The internet is made up of revolutionary technologies, but isn't revolutionary


Originally published at:


*raises hand*


Discussed over 10 years ago at your friendly hacker congress:


Just in case someone doesn’t want to watch videos and is still fond of reading:


Thank you so much. I have been looking for a transcript for ages. Would you also have a transcript of “10 years after we lost the war”, by any chance?


Revolutionary technologies such as Morse Code and ROT-13?


Nope. You could ask @frank_rieger on twitter, or drop him a line via mail.

I also think speech-to-text might be some kind of option. Maybe even YT subtitles. Never tried to extract them.


In addition to being an extension of our nervous system, the net is an Agora - a public square where ideas and emotions are shared and change may foment - which is why repressive authorities usually do things like ban gatherings etc. in public squares; and we see the same efforts being applied to the net.

Also: “Once we have surrendered our senses and nervous systems to the private manipulation of those who would try to benefit from taking a lease on our eyes and ears and nerves, we don’t really have any rights left. Leasing our eyes and ears and nerves to commercial interests is like handing over the common speech to a private corporation, or like giving the earth’s atmosphere to a company as a monopoly.” - Marshall McLuhan, Understanding Media (1964)

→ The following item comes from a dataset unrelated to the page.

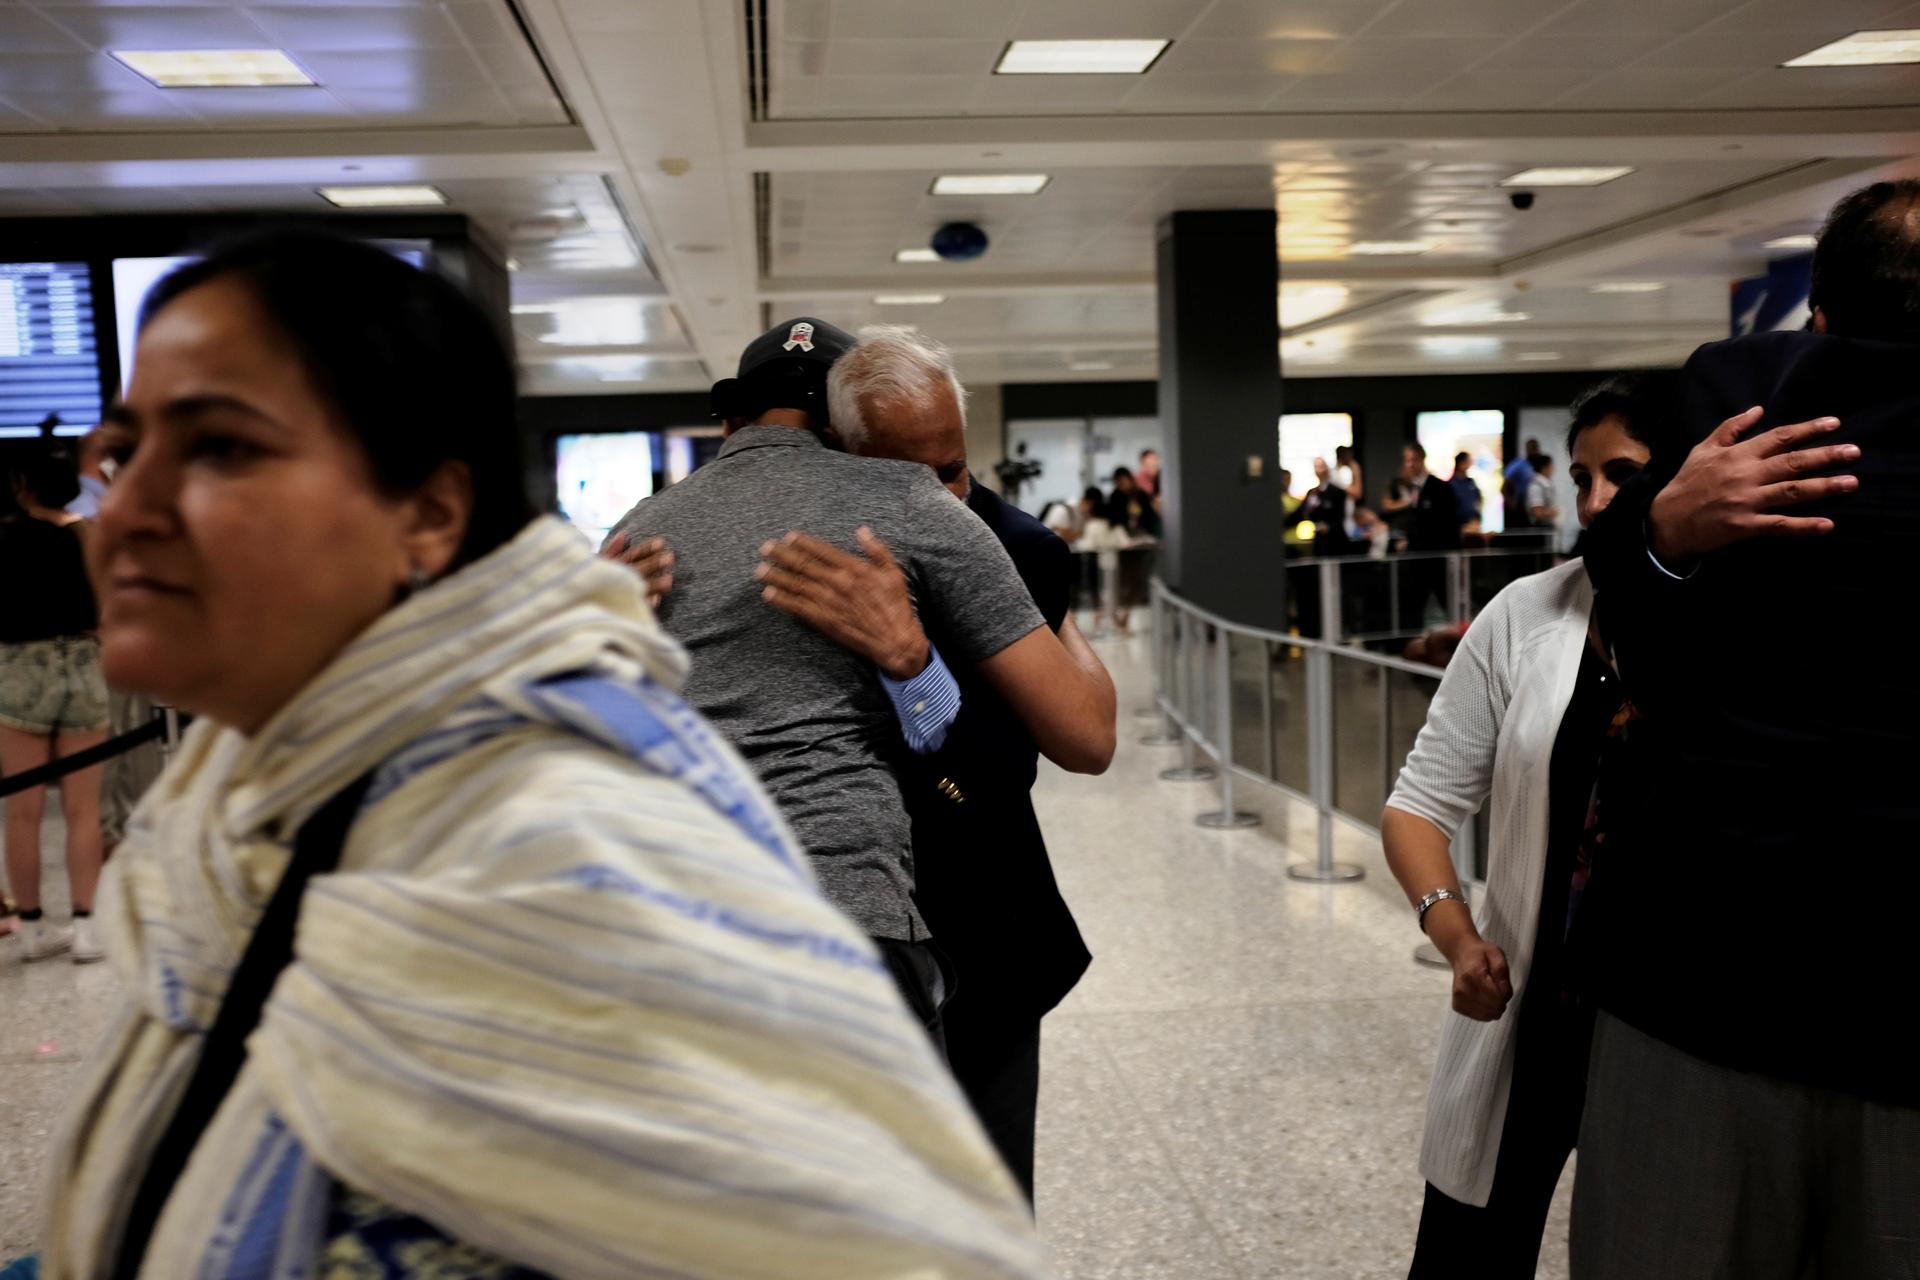 International passengers embrace family members as they arrive at Washington Dulles International Airport after the Trump administration's travel ban was allowed back into effect pending further judicial review, in Dulles, Virginia, U.S., June 29, 2017.

It’s kinda important to know what we’re losing before it’s been lost - makes it a little easier to defend and use it to protect ourselves and others - and stuff like that.


Cory’s title is made up words, but wasn’t proofread.


It’s probably useful to note that the Shah’s torturing Savak secret police in Iran were outwitted by Khomeni political “sermons” that were passed around on cassette tapes. “Samizdat” in the Soviet Union was with photocopiers.

What’s important is not the technology, but the willingness of people to make some effort and take some risk to pass the information along – and in the end, the willingness of people who’ve been even a bit organized and awakened by even a thin thread of information to go out onto the streets and maybe get shot.

Egyptians were willing to take such risks in 2010, and not, just a few years later, because it got them Morsi instead of Mandela. Once they decided to stay home and put up with secret police, all the Twitter in the world did Egyptian freedom no good.


One could make the argument that it was a revolution. But like most revolutions you just end up with a DIFFERENT bunch of assholes at the helm of a state that is at a fundamental level is not very different from the old one. So we have Amazon and Facebook instead of Sears and CBS, but it is still a small group of people telling us what to buy and think. I’m old enough to remember when the internet was supposed to usher in a new, distributed world of information that would free us from the shackles of corporate media.


I’m pretty sure the Internet is built on actual technologies, not made-up ones.


My thought was the OP was an old Mondo article from even longer ago.